=== Source data ===
----

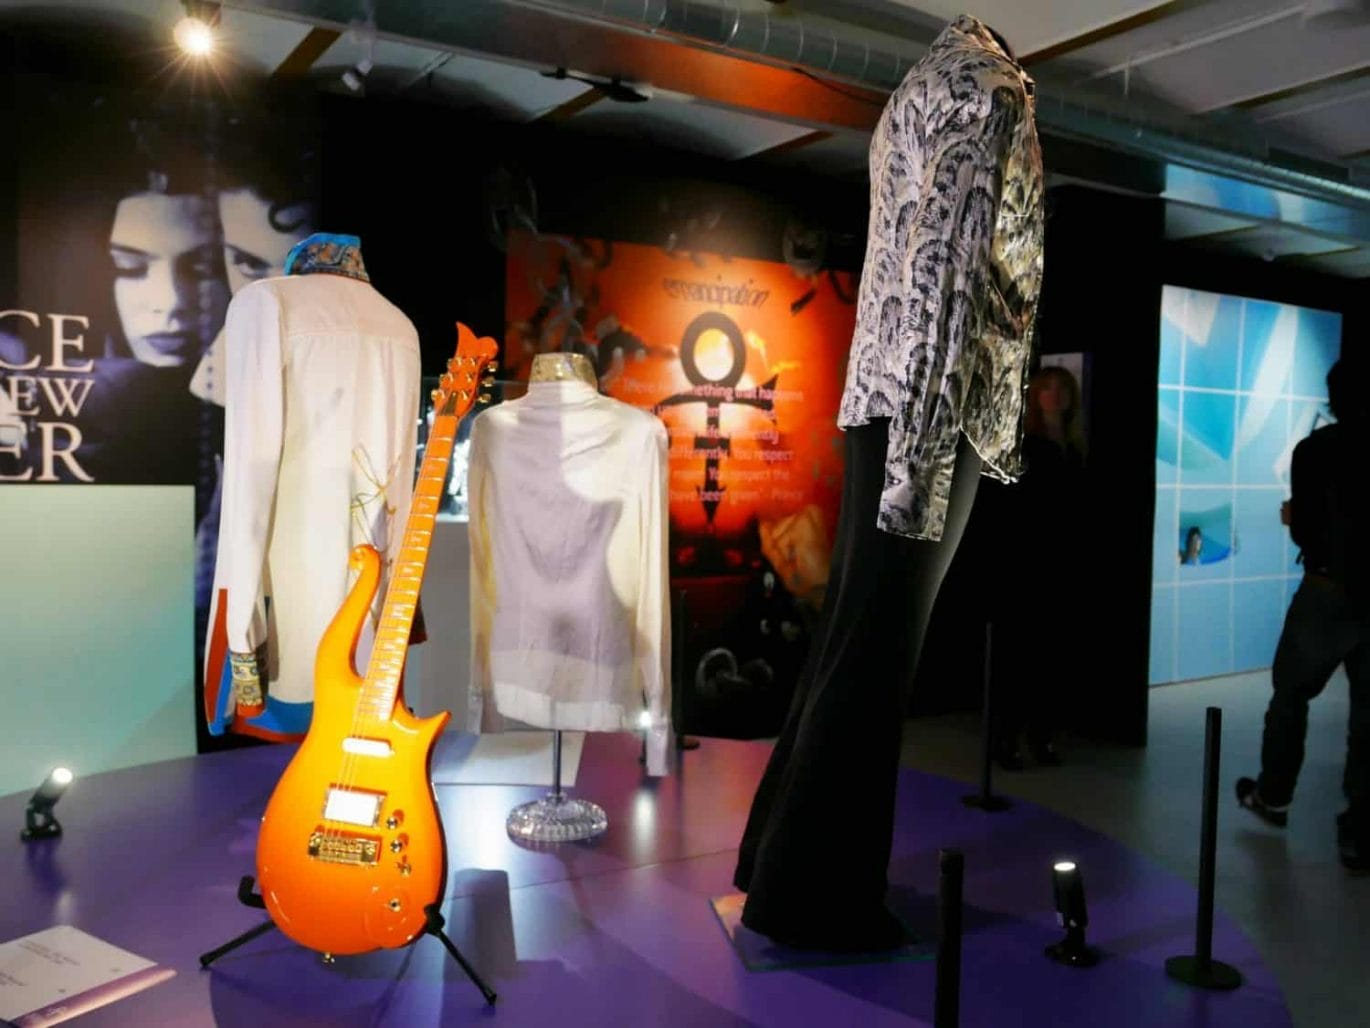 Kostuums en gitaren van Prince
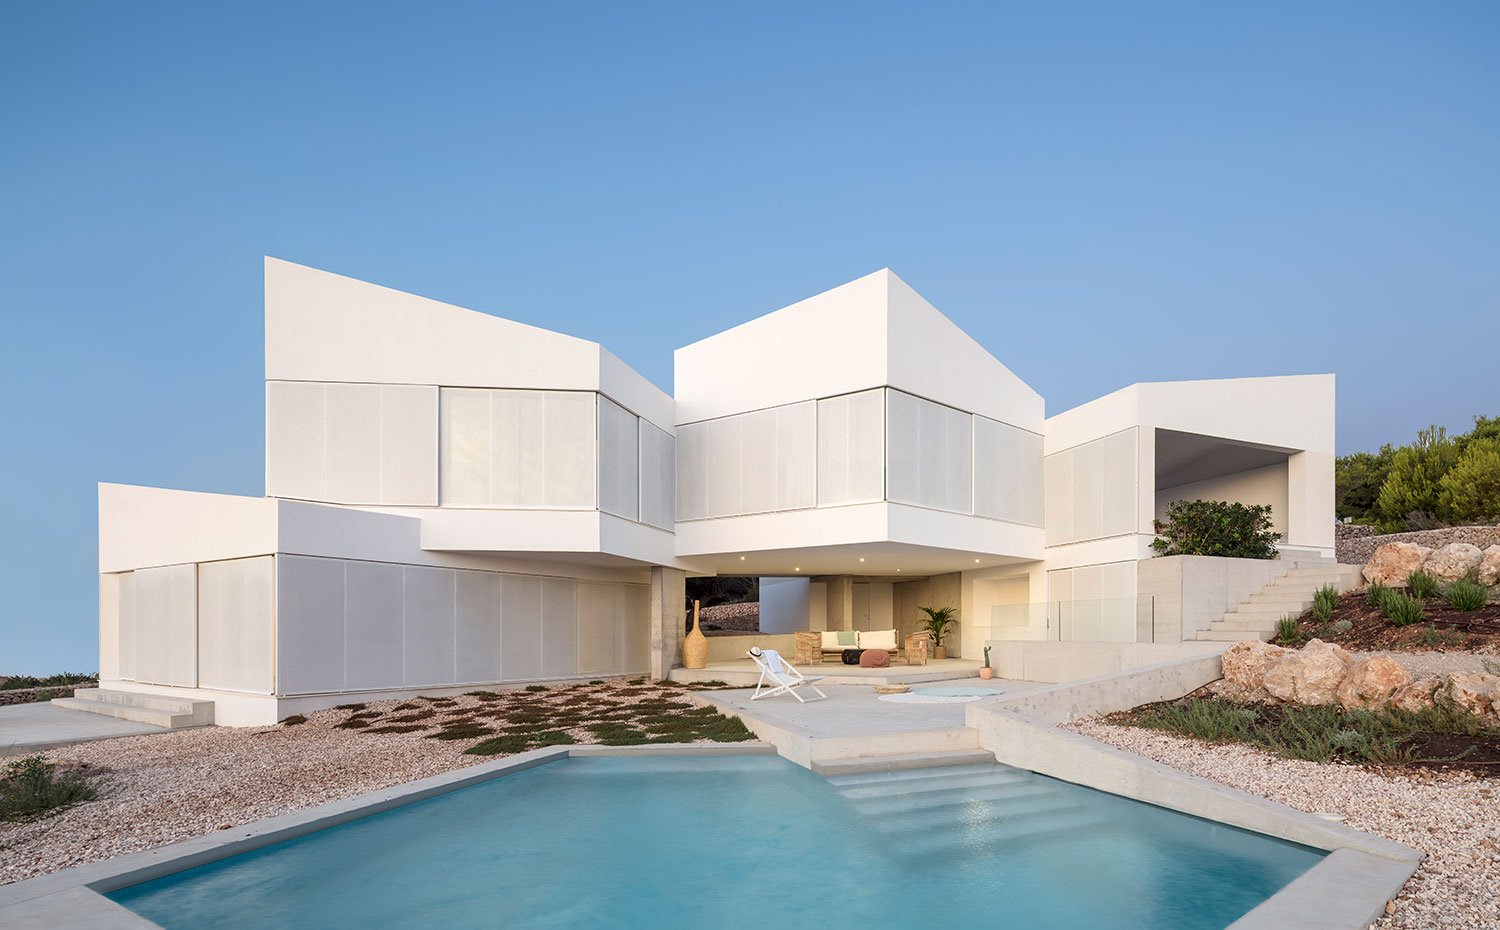 Exterior vivienda en blanco frente a piscina de formas geométricas
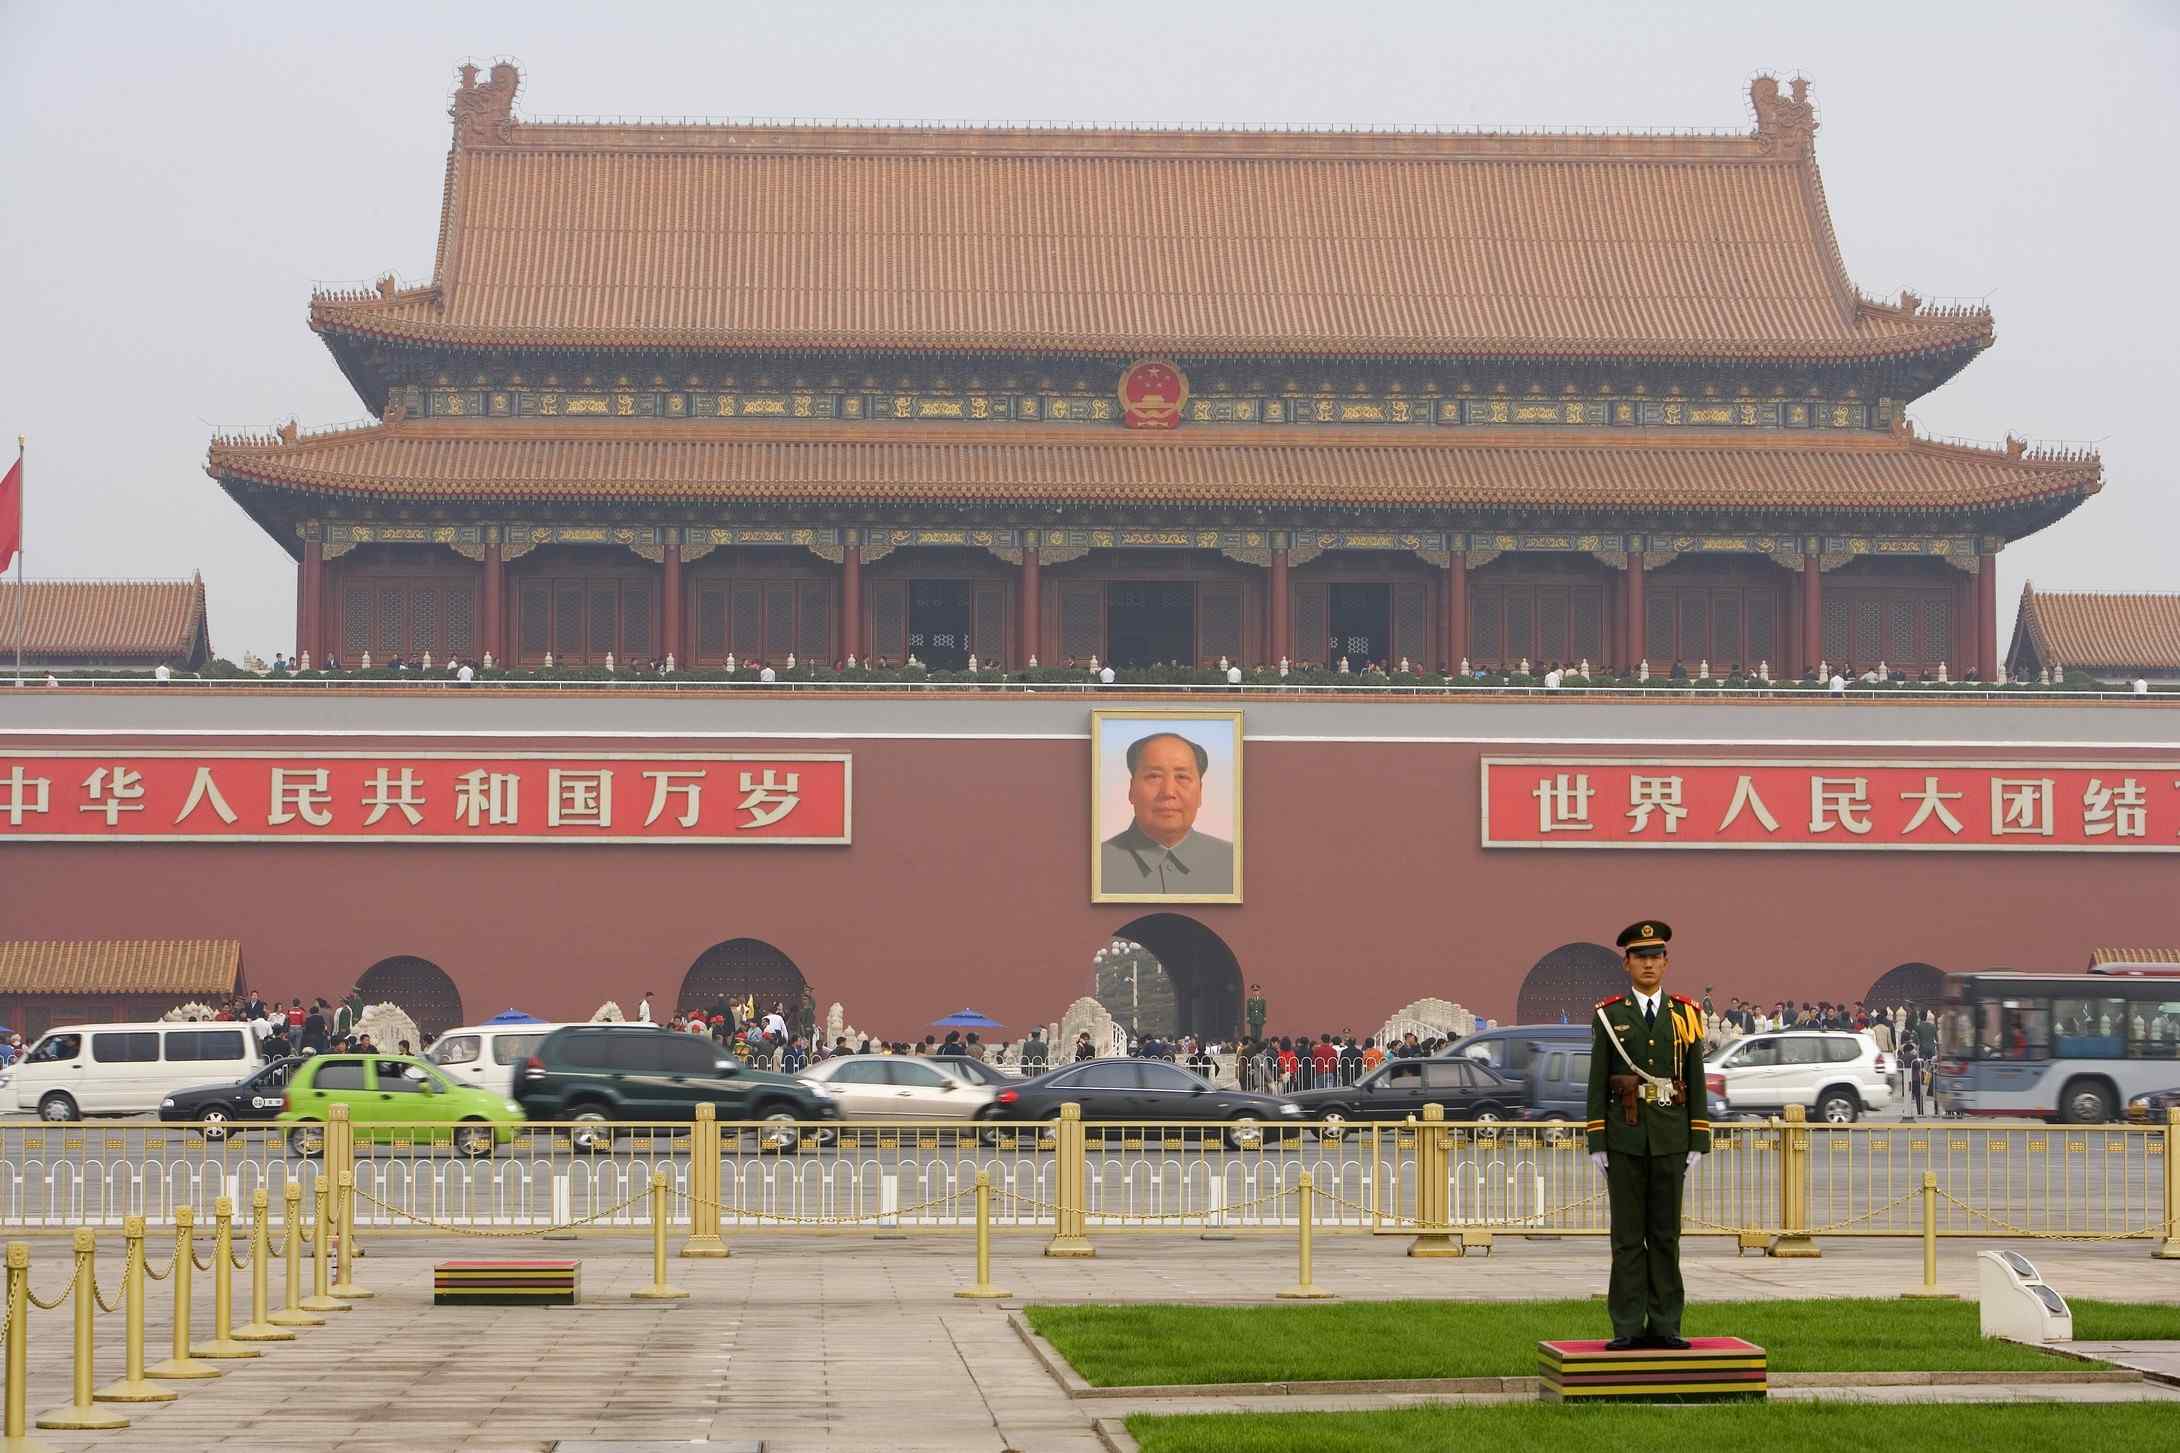 北京风景之天安门国旗护卫队站岗桌面壁纸

----

=== Exercise ===
Retype the listing exactly. Leave the pictures out.

=== Output for this exercise ===
 Kostuums en gitaren van Prince
 Exterior vivienda en blanco frente a piscina de formas geométricas
 北京风景之天安门国旗护卫队站岗桌面壁纸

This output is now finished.